Assuming your mother brought home 15 toffees to be shared between you and your brother. Your brother, who is 2 times older than you, could say that once he is older than you, he needs to get more share of the toffees than you.
Your mother could decide to share the toffees according to your ages. Since your brother is twice (2 times) your age, every time your mother gives you one of the toffees, she will give your brother 2.
This method of sharing will continue until the toffees are exhausted.
Mathematically, we can say that, your mother shared the toffees in the ratio 1 is to 2 (that is, 1:2).
Let's practice some questions to get more understanding of ratios.
Example 1
What is the ratio of boys to girls, if there are 60 boys and 120 girls in a school?
Solution
Number of boys \(= 60 \)
Number of girls \(= 120\)
\(\therefore\) Ratio of boys to girls \(\Rightarrow 60 : 120 \ or \ \frac{60}{120} \)

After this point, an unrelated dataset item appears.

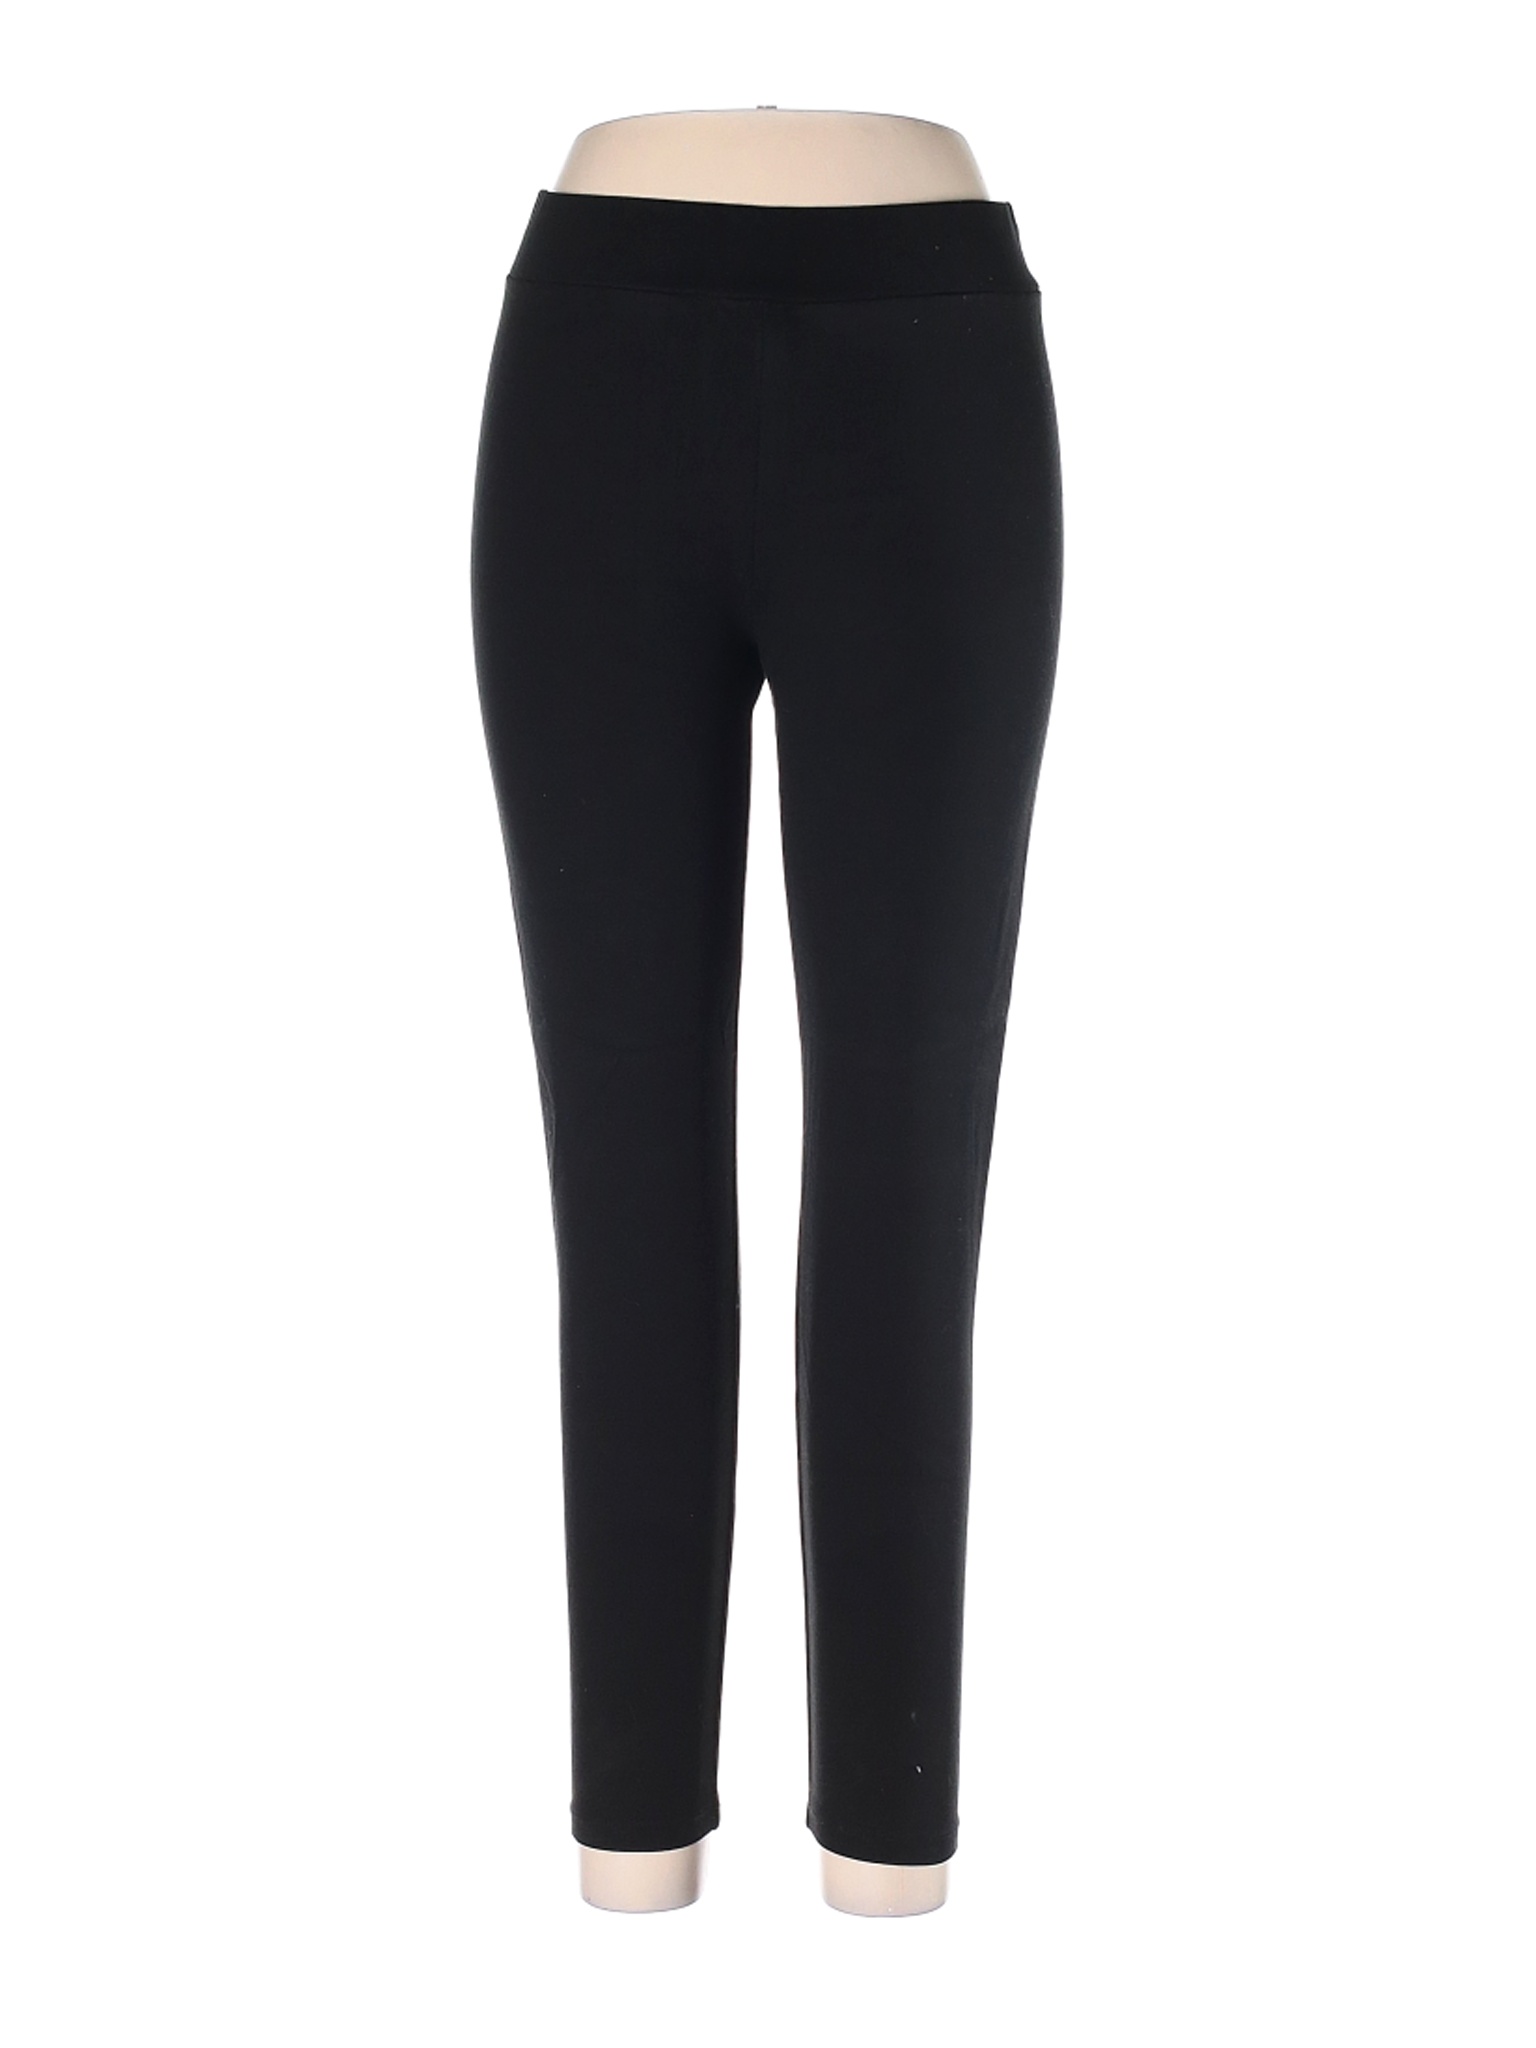 Lou & Grey Women Black Casual Pants L | eBay

\(\Rightarrow\) boys : girls \(= 1:2 \ or \ \frac{1}{2}\)
\(\therefore\) The ratio of boys to girls is \(1:2\)
Example 2
Yaw is 6 years old and Kofi is 10 years old. What is the ratio of Yaw's age to Kofi's age?
Solution
Yaw's age \(= 6\)
Kofi's age \(= 10\)
\(\therefore\) Ratio of Yaw's age to Kofi's age
\(\Rightarrow\) Yaw : Kofi \(= 6:10\)
\(\hspace{3.2cm}\) \(= 3 : 5 \ or \ \frac{3}{5} \)
\(\therefore\) The ratio of Yaw's age to Kofi's age is \(3:5\)
We can also use ratios to determine the value of an unknown quantity when one quantity is given.
Consider the examples below:
Example 3
Alhassan is twice as old as his son Musah. If Musah is 25 years of age, how old is his father, Alhassan?
Solution
Musah's ratio \(= 1\)
\(\therefore\) Alhassan's ratio \(= 2\)
let Alhassan's age \(= x\)
\(\Rightarrow 1:2 = 25 : x\)
\(\hspace{1.4cm} \frac{1}{2} = \frac{25}{x}\)
\(\hspace{0.5cm}1 \times x = 2 \times 25\) (Cross multiplication)
\(\hspace{1.5cm}x = 50\)
\(\therefore\) Alhassan is 50 years of age.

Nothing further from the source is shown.